OK, check the Obsidian Portal site (be sure to check the Wiki) for what little you know, and notable NPC's I've marked down so far.

Remember, you don't know all that much beyond the place is apparently infested with pirates and tuskers.

Oh, and it stinks.


----------



## Wolv0rine (Feb 10, 2014)

Meh, all New Lands are alike, we can handle whatever this one has.


----------



## Ralts Bloodthorne (Feb 10, 2014)

I need a roll to strike (DC: 13), and if successful, a damage roll with the pistol for the Lord Bishop.

Don't forget your -5 penalty for a headshot, and -4 for firing into a melee.

You better roll good.


----------



## Wolv0rine (Feb 10, 2014)

Ralts Bloodthorne said:


> I need a roll to strike (DC: 13), and if successful, a damage roll with the pistol for the Lord Bishop.




Nat. 20, dam: 8, 5, 6, 8 - total 27

BOOM, Headshot!


----------



## Ralts Bloodthorne (Feb 10, 2014)

Well, guess that showed her.


----------



## doghead (Feb 16, 2014)

Ralts Bloodthorne said:


> You are arrogant, opinionated, holier than thou, with the might of 'the most advanced civilization in the world' behind you as well as Father Church's blessing in all of your endevors.
> 
> (Note to anyone who watches this: These characters see themselves as heroes, as does their homeland and their church, but their actions do and will show otherwise)




What an outrageous game and obnoxious pair of characters  

It looks like the players have taken your advice to heart and are doing a damned fine job. As are you, it is beautifully described. I think I am going to have to put this on my reading list.

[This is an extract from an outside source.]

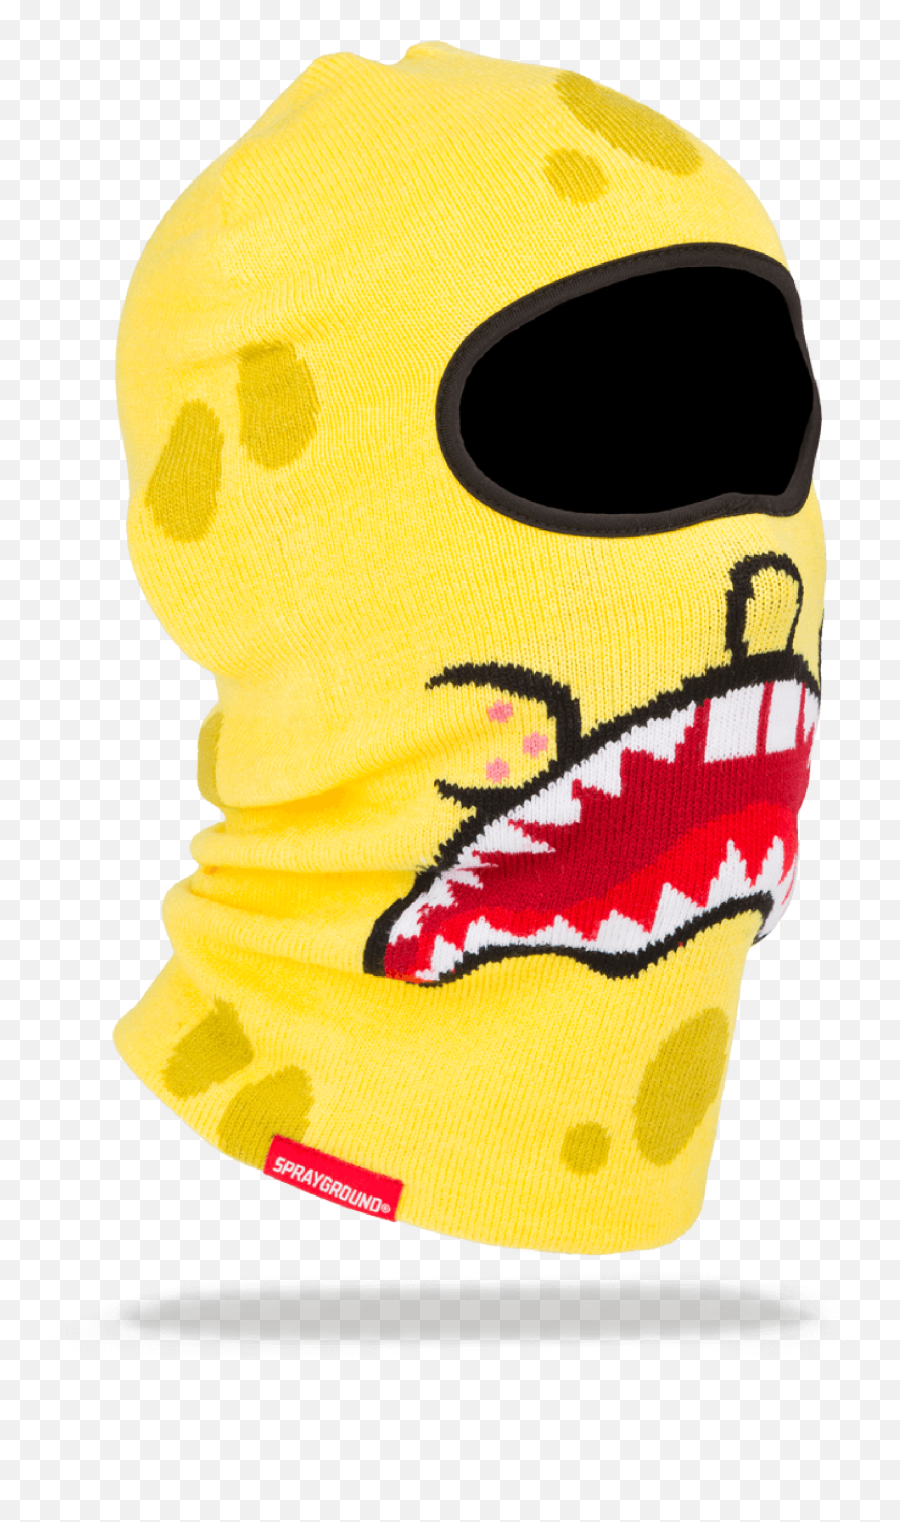 Spongebob Shark Mouth Ski Mask Sprayground Backpacks Bags Png Transparent

May you play on and prosper.

thotd


----------



## Scott DeWar (Feb 16, 2014)

It will be fun watching this game play out. Just letting you know I will be lurking here.


----------



## Ralts Bloodthorne (Feb 20, 2014)

Next postings will be up in the next few days. We had to take a break due to some business stuff going on.


----------



## Lykere (Feb 21, 2014)

*Ready soon*

I am here and I will probably start posting on Sunday.


----------



## Ralts Bloodthorne (Feb 22, 2014)

All right, Lykere. 

Hopefully the game will pick up pretty quickly.


----------



## Wolv0rine (Feb 22, 2014)

Frella: Aaand that's a coup de gras.


----------



## Ralts Bloodthorne (Feb 22, 2014)

All right. Give me crit damage on your pistol.

Additionally, give me an Intimidate Check, let's see just how this affects the Church soldiers around you.

Oh, and +1 Rep point on your sheet. EVERYONE will know about this by nightfall.


----------



## Wolv0rine (Feb 22, 2014)

6, 8, 7, 8 (Crit x4) 

Intim. Check: (17+7) 24


----------



## Ralts Bloodthorne (Feb 22, 2014)

Aaaand another one bites the dust. Rather spectacularly.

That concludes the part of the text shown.